C'est donc le délai de 5 mois après la connaissance par l'assureur de la consolidation qui doit être pris en compte en l'espèce, la première expertise ayant été déposée le 18 avril 2013, soit à compter du 18 septembre 2013.
Les intérêts au taux légal seront donc doublés du 19 septembre 2013 jusqu'au 2 septembre 2014, date de l'offre d'indemnisation formulée par voie de conclusions par AXA et la pénalité s'appliquera sur l'indemnité offerte par l'assureur.
IV- sur la résistance abusive
Le tribunal a rejeté la demande de Mme [U]-[A] à ce titre au motif qu'elle ne rapportait pas la preuve de l'abus invoqué.
En appel elle soutient n'avoir reçu aucune proposition de l'assureur avant 2017.
Cependant, la sanction de l'absence de proposition est fixée par la loi dans le doublement du taux de l'intérêt et ainsi que l'ont retenu les premiers juges, le simple fait de contester les demandes présentées par Mme [U]-[A] ne suffit pas à démontrer la volonté de lui nuire de l'assureur.
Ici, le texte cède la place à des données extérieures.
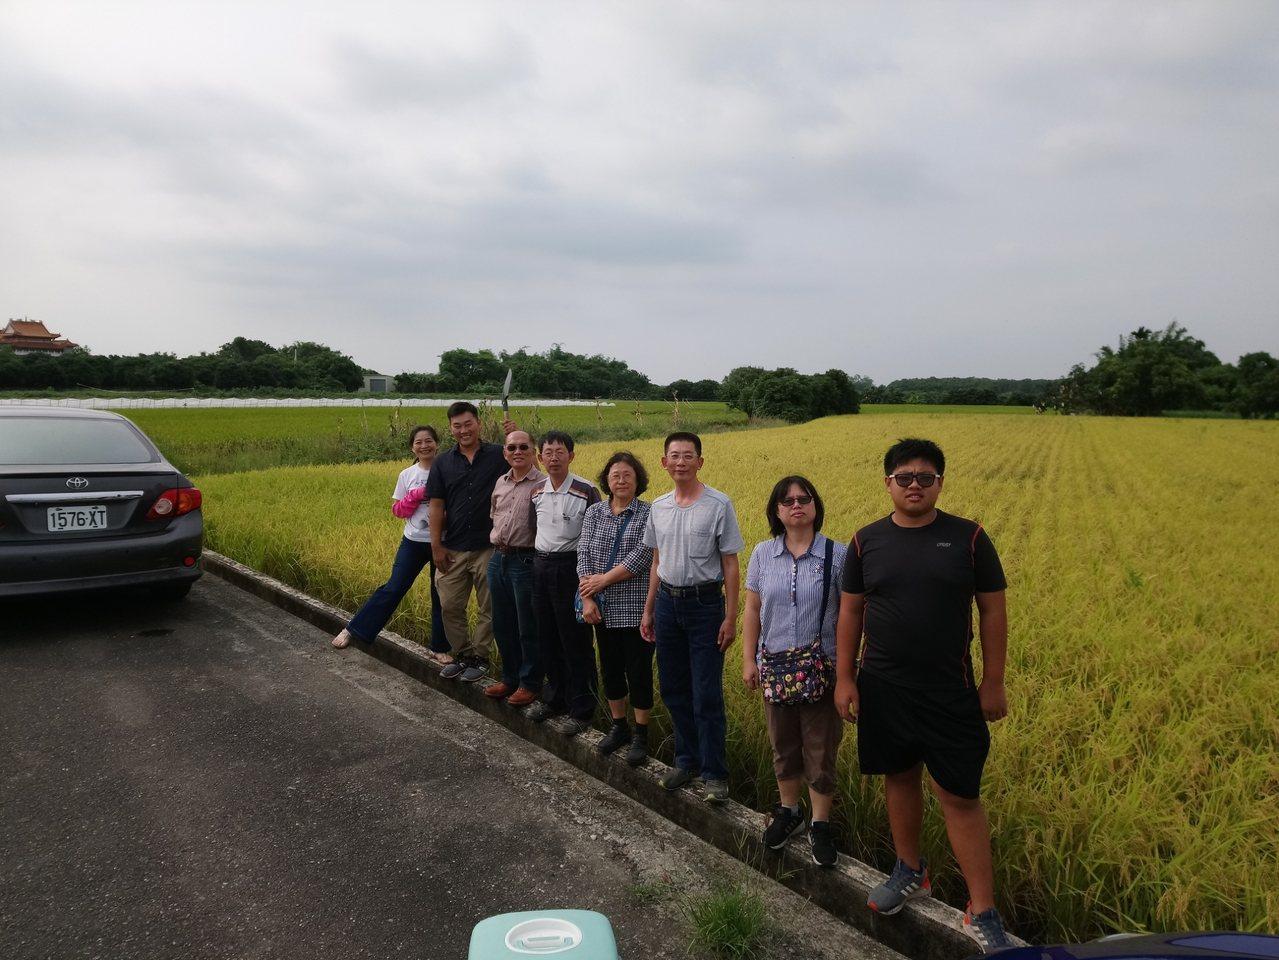 中華食品雙盲檢驗暨認證學會等單位舉辦第一屆的自然農法優質稻米競賽,前往田間採樣送...

Le jugement sera donc confirmé sur ce point.
Le présent arrêt valant titre de rembouresment des sommes payées en exécution du jugement, il n'y pas pas lieu de faire droit à la demande de condamnation présentée par l'assureur pour l'éventuel trop-perçu.
PAR CES MOTIFS
La cour, statuant publiquement, par arrêt réputé contradictoire, après en avoir délibéré conformément à la loi :
Confirme le jugement en ce qu'il a :
- rejeté la demande au titre des frais de déplacement, du préjudice d'agrément et de la résistance abusive,
- condamné in solidum les sociétés La Poste et XL Insurance Company SE à verser à Mme [H] [O] épouse [U]-[A] les sommes de 2 356,25 euros au titre du DFT, 10 000 euros au titre du DFP, 2 500 euros au titre du préjudice sexuel,
- condamné in solidum les sociétés La Poste et XL Insurance Company SE à payer à Mme [U] [A] la somme de 1 500 euros sur le fondement de l'article 700 du code de procédure civile et aux dépens,
Infirme le jugement pour le surplus et statuant de nouveau de ces chefs,
Déclare recevables les demandes de Mme [U]-[A], y compris au titre des souffrances endurées,
Condamne in solidum les sociétés La Poste et XL Insurance Company SE à payer à Mme [U] [A] :
- la somme de 32 591,18 euros au titre de la perte de gains professionnels futurs,
- celle de 7 500 euros au titre des souffrances endurées,
Fixe la créance de la caisse primaire d'assurance maladie au titre de la perte de gains professionnels futurs à la somme de 16 765,53 euros,
Fixe l'incidence professionnelle de Mme [U]-[A] à 10 000 euros, soit lui revenant après partage de responsabilité et imputation de la créance de la caisse primaire d'assurance maladie : 0 euros,
Fixe la créance de la caisse primaire d'assurance maladie au titre de l'incidence professionnelle à la somme de 5 000 euros,
Dit que les intérêts au taux légal sur les indemnités offertes par l'assureur seront doublés du 19 septembre 2013, jusqu'au 2 septembre 2014,
Rappelle que les sommes déjà payées à titre de provision ou d'exécution du jugement devront être déduites des montants ci-dessus,
Dit n'y avoir lieu à application de l'article 700 du code de procédure civile en cause d'appel,
Condamne in solidum les sociétés XL Insurance Company et La Poste aux dépens.
Prononcé par mise à disposition de l'arrêt au greffe de la cour, les parties en ayant été préalablement avisées dans les conditions prévues au deuxième alinéa de l'article 450 du code de procédure civile.
Arrêt signé par Mme Emmanuèle Cardona, présidente de la deuxième chambre civile et par Mme Caroline Bertolo, greffière, à laquelle la minute de la décision a été remise par le magistrat signataire.